Yes, Virginia, it is possible to share the holiday with your ex and kids and make it a happy one! Celebrating together has benefits: it keeps children from having to do double-duty on the holiday, race between households, or miss being with one parent. Think you and your ex are up to the challenge of a family holiday? Read on for some tips on how to make your shared holiday successful.
- Start A New Tradition. Don’t try to recreate the past. It may not be feasible to celebrate on the same day and time, have the same decorations, and serve the same food as you once did. Accept that you’re starting a new chapter as a divorced family and put a new spin on the holiday. For example, gather on New Year’s instead of Christmas morning; invite your ex’s new partner (and ask them to bring their favorite meal); introduce a new tradition such as caroling or Secret Santa gifting. This will help you keep the focus on your future, and a positive co-parenting relationship.

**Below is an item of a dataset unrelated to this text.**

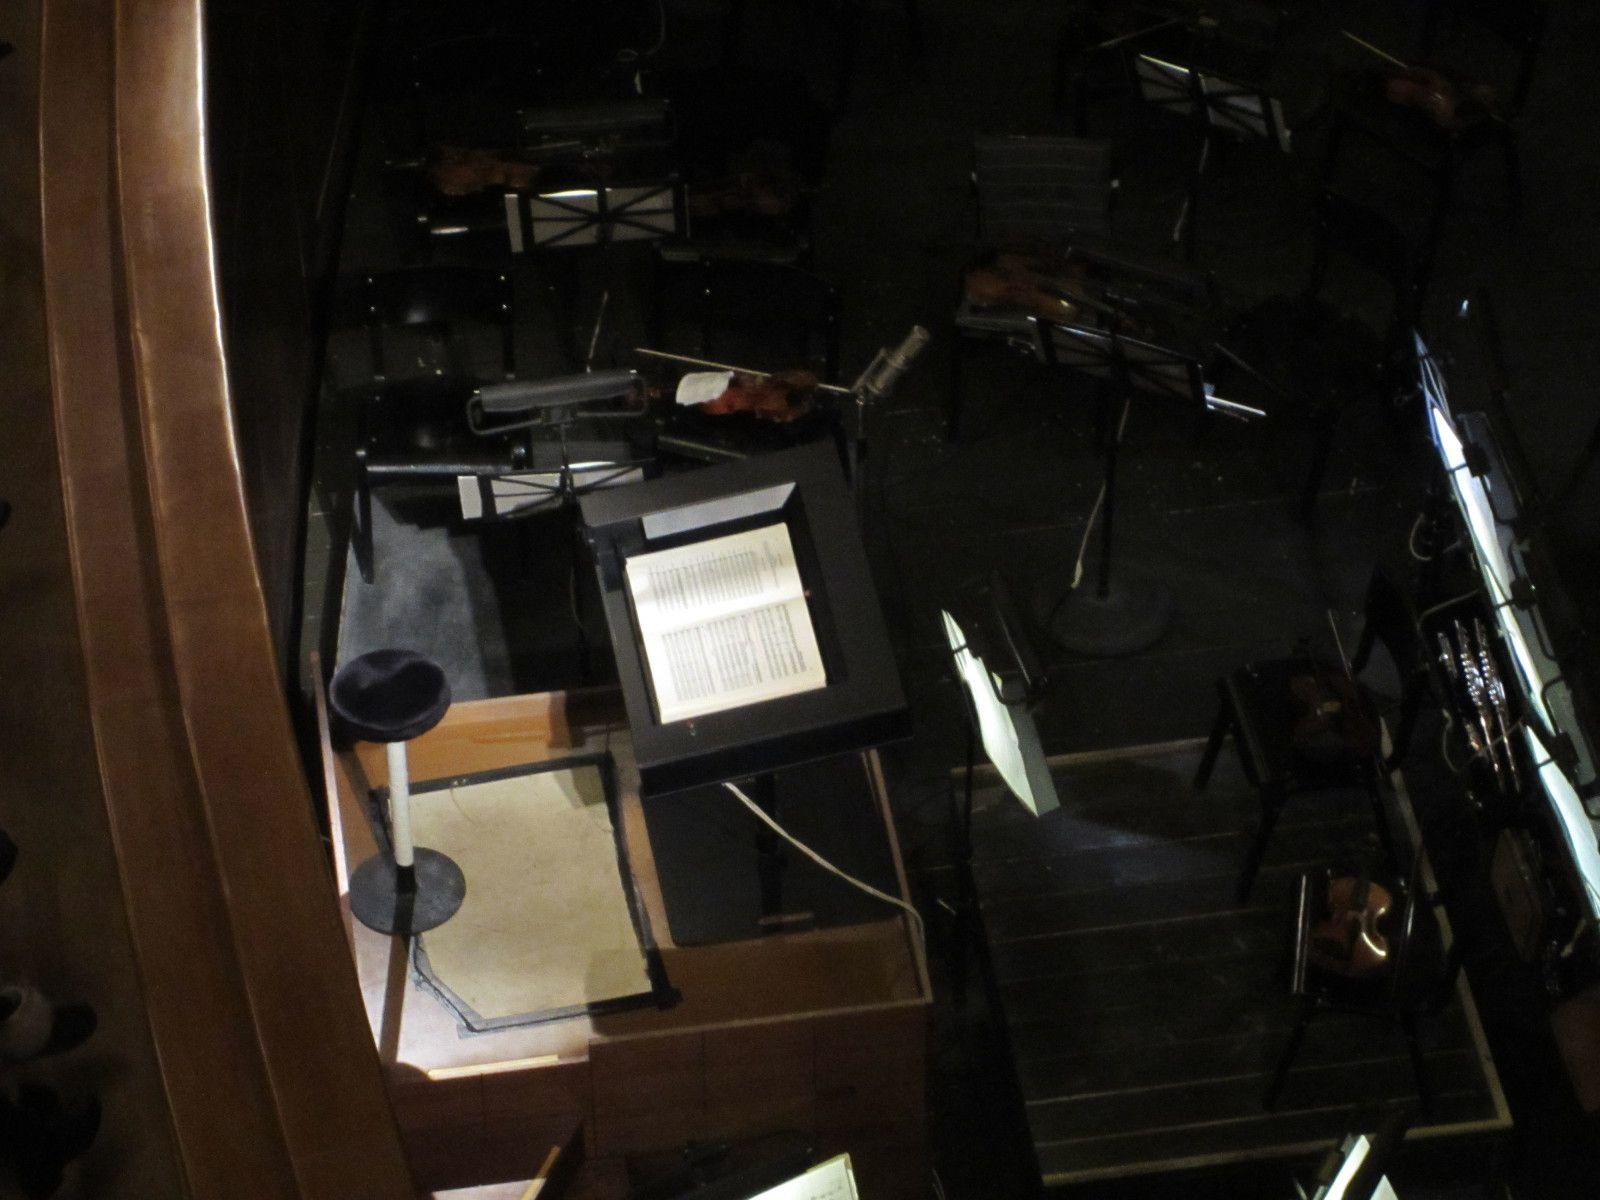 La Traviata à l'Opéra de Bucarest Dessins et photos: EmMa (M. et Em. presse)
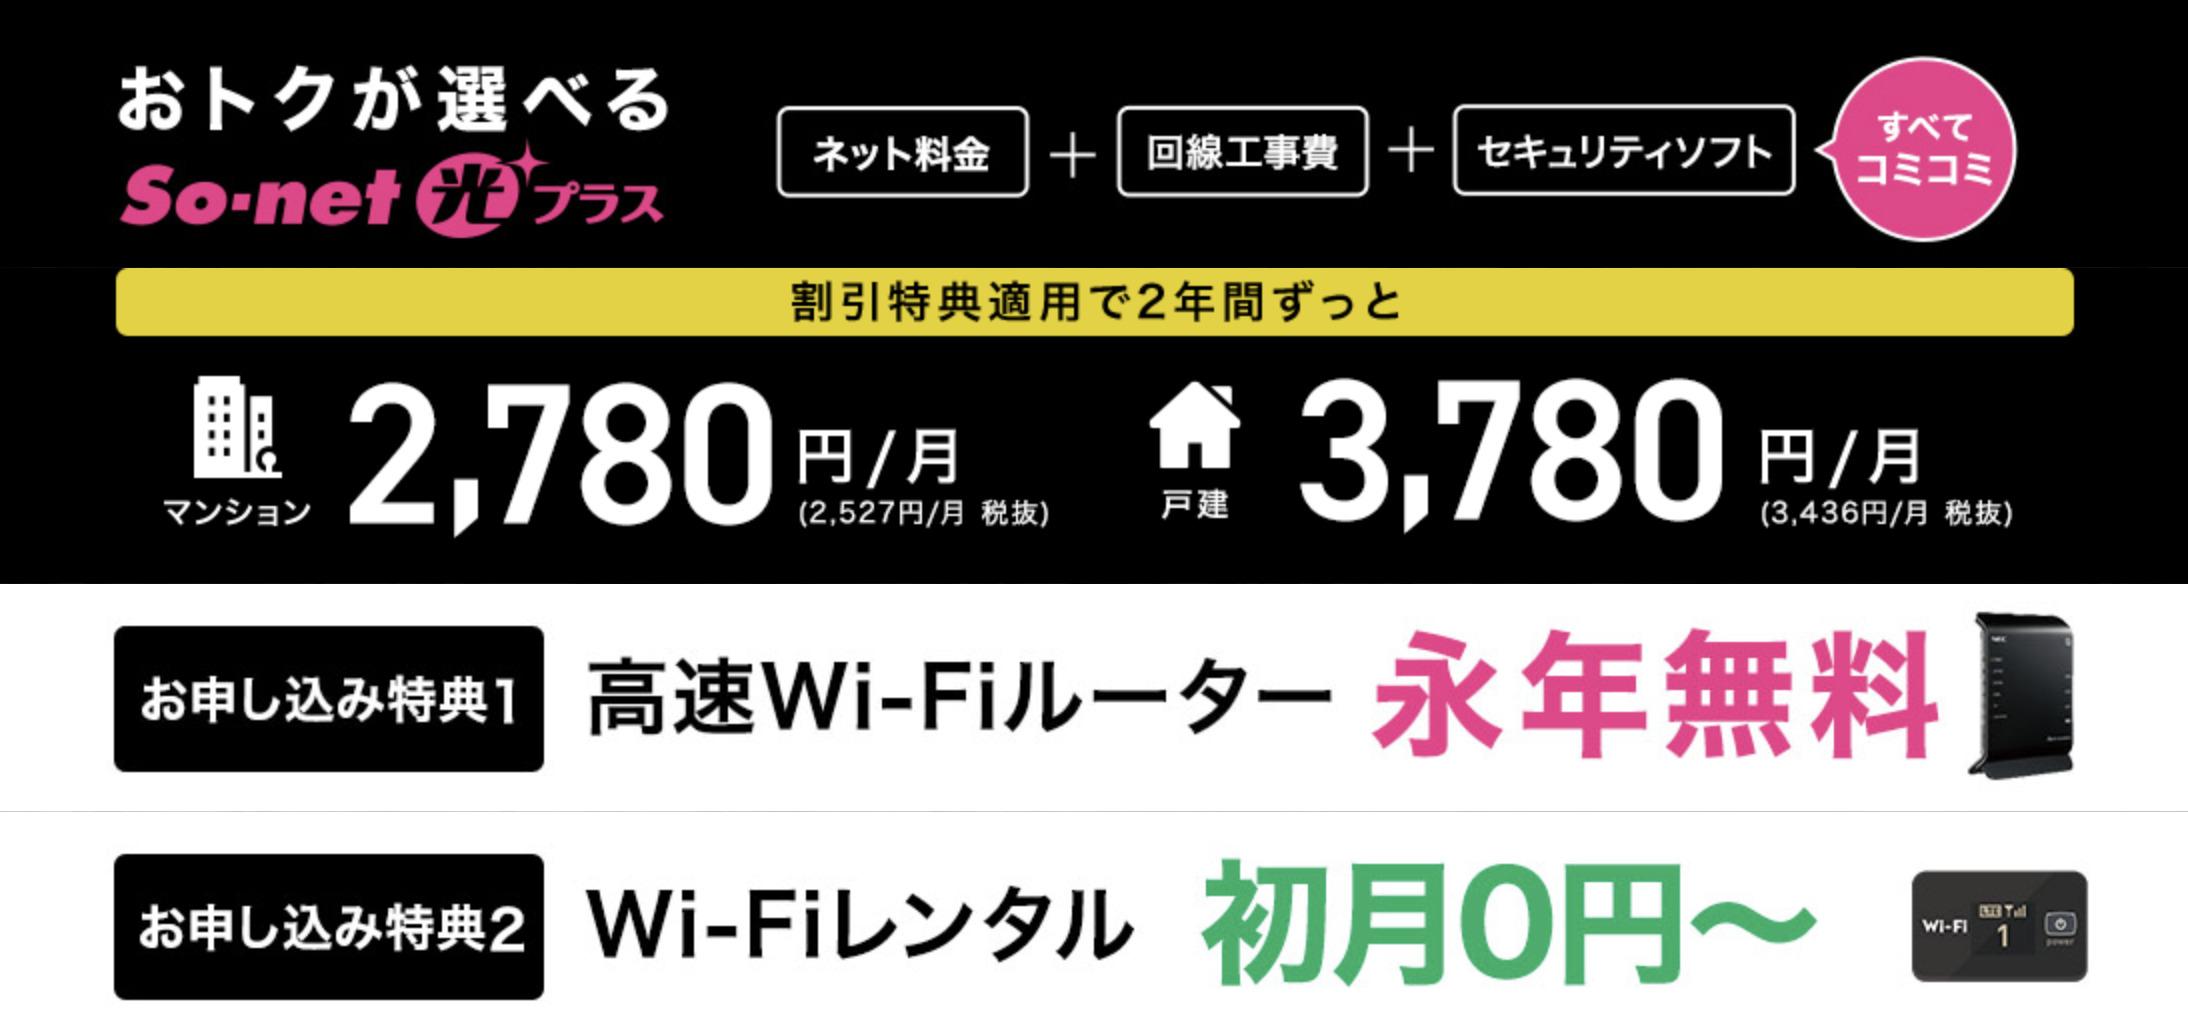 So-net光プラス詳細画像

- Realize It’s Time-Limited. Got grievances? Put them aside for just one day! Remember the family events you attended as a child? You may not have had the warm-and-fuzzies for Aunt Jane or Grandpa Lou, but you could be polite and tolerate them for a short time. So if you find yourself annoyed by the antics of your ex and/or your ex’s new partner, remember to “make nice” for the sake of your children.
- Prepare For The Event. Do a “run-through” with your ex ahead of time. Come to an agreement about new partners — invite them or not? Note: This is not the day to introduce a new partner to the children. It’s also important to involve each other in the planning so it feels like a team effort: who’s cooking what? What will the festivities include? How will you sign gift cards – just from the two of you, or from new partners as well? And here’s a tip for large, blended families: clarify gift-giving etiquette and mind holiday budgets by deciding who’s giving what to whom.
- Be Mindful Of Communication. It’s not enough just to speak politely. Kids pick up on body language and the general “vibe” in the room. If your verbal communication is diplomatic, but your non-verbal communication is hostile, the clash will confuse your children and drain the holiday spirit right out of the holiday.
- Overstay Your Welcome. If you’ve decided the event will take place at your ex’s home, consider setting a time limit. Knowing that you will only be there for a short period will make it easier for all the adults to keep things festive.
- Give New Partners And Their Kids The Cold Shoulder. Don’t divide camps by ignoring your ex’s new partner and their children. Remember that you’re showing your kids how well-behaved adults behave! Be sure to take an interest in everyone there. And don’t forget to bring a gift, even if it’s a small item, for the new people in your children’s lives.
- Go rogue. Stick to the plan. If you agreed that your new partner wouldn’t attend, don’t give your ex a jolt by having them in tow. Similarly, don’t upstage your co-parent by giving the kids a different (and more expensive) present than you promised.
- Make A Dramatic Exit. Don’t ruin the day with a self-centered departure: getting emotional, dissing the way your ex and new partner hosted the event, or bragging to your kids about all the bells and whistles they’ll get when they come back to you. Your kids don’t need fancier presents or a 5-star vacation; they need to relax and enjoy their holiday.
A final, but critical note: don’t attempt a shared gathering if you and your ex have an acrimonious relationship. It’s far better for your kids to split their time with the two of you than have their holiday ruined by fighting or icy interactions. It will be a gift to everyone to avoid conflict.